By the afternoon much of the water had begun to drain back into the earth, and I noticed that the pastures had a new green tint to them. The grass had greened up a bit. It wasn’t the rain that caused it, but the nitrogen that was produced from all the lightning. Lightning energizes the sky and causes nitrogen to combine with oxygen, and that makes nitrate, which is one of the forms of nitrogen that a plant can use. (I am no chemist - my brother is the one with the PhD in that – but I really do know this!) I have seen this greening so many times after a storm that I have pretty much come to expect it, especially in the spring.  It’s one of the ways Natures feeds plants…


I planted turnips back in August right before hurricane Irene hit. Somehow this one survived the beating rain and didn’t get washed away or broken down. It was a strong seedling. A few others survived the hurricane but never really got going, and only produced very small bulbs/ roots. But something told me that this one was special. Something told me not to pull this one. Something said to just let it grow. Here it is, a little over six months old and still growing. The best I can measure her, she is about 9 in diameter and has a 26 inch circumference. I’m just going to let her grow as long as she will. I even named her Irene, after the storm! Only a farmer would have a pet turnip….or maybe just I would.


Way back in January I bought a used greenhouse. I should capitalize USED to describe it! The hoops were twisted, some bent, some broken at the apex; anchors were broken; the plywood front and back was a bit rotted. But the greenhouse had a few good things going for it – a huge shade cloth, four year plastic, an older fan that was in good condition, benches, and thermostats. The other thing it had going for it was that I had time on my hands and I needed something to do.

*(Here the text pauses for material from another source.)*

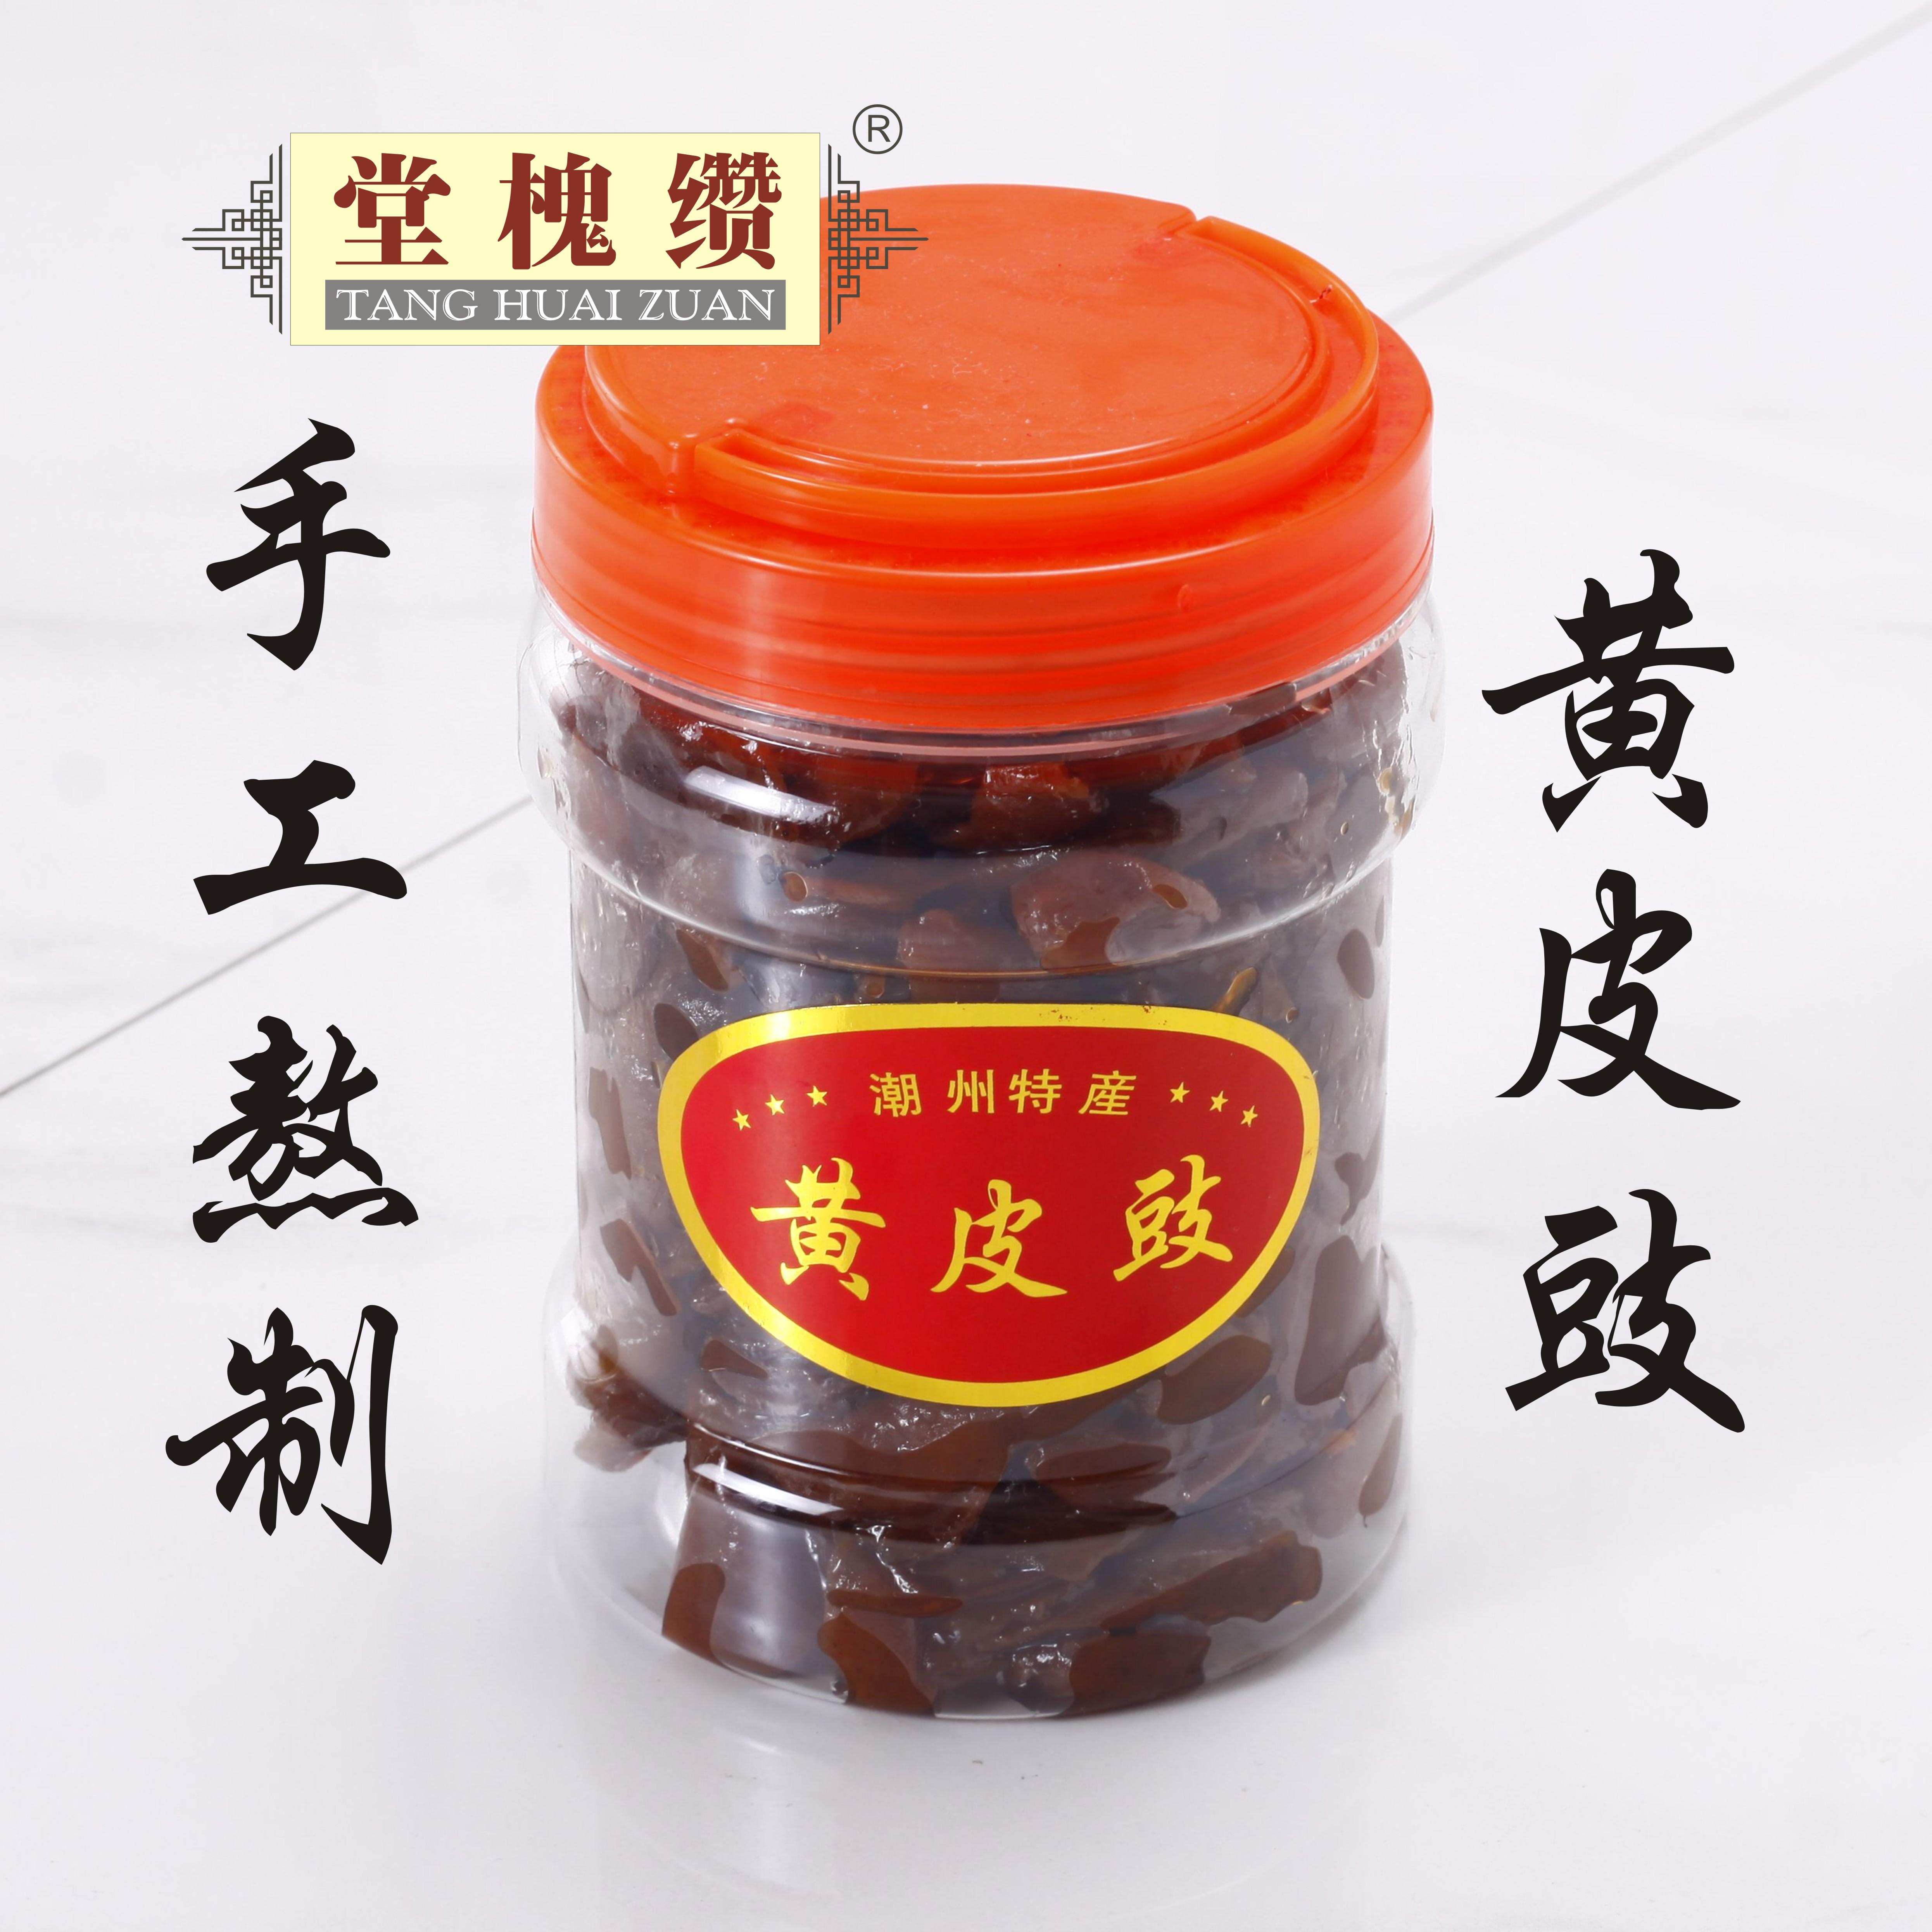 潮州三宝潮州特产蜜制蜂蜜散装果干

Friends of mine, my son, his friends, and I traveled thirty miles to Buena with a borrowed trailer and over a few days, disassembled it and hauled it back to the farm in pieces, all of us knowing that it would never go back together the same way that it had come apart. The first week of February I began salvaging the good hoops and other parts and began putting it up – because not all of its pieces could be reused, I settled on putting up half of what was the original. I am happy with that.

It’s almost finished. In another week I hope to have the plastic on and I might even begin growing stuff in there. My real plan though is to use it as a high tunnel in the fall/ winter, planting directly into the soil underneath. With double plastic it should stay warm enough without using a heating system. I am sure this, like everything else I have done here, will be a learning experience that will build upon itself year after year.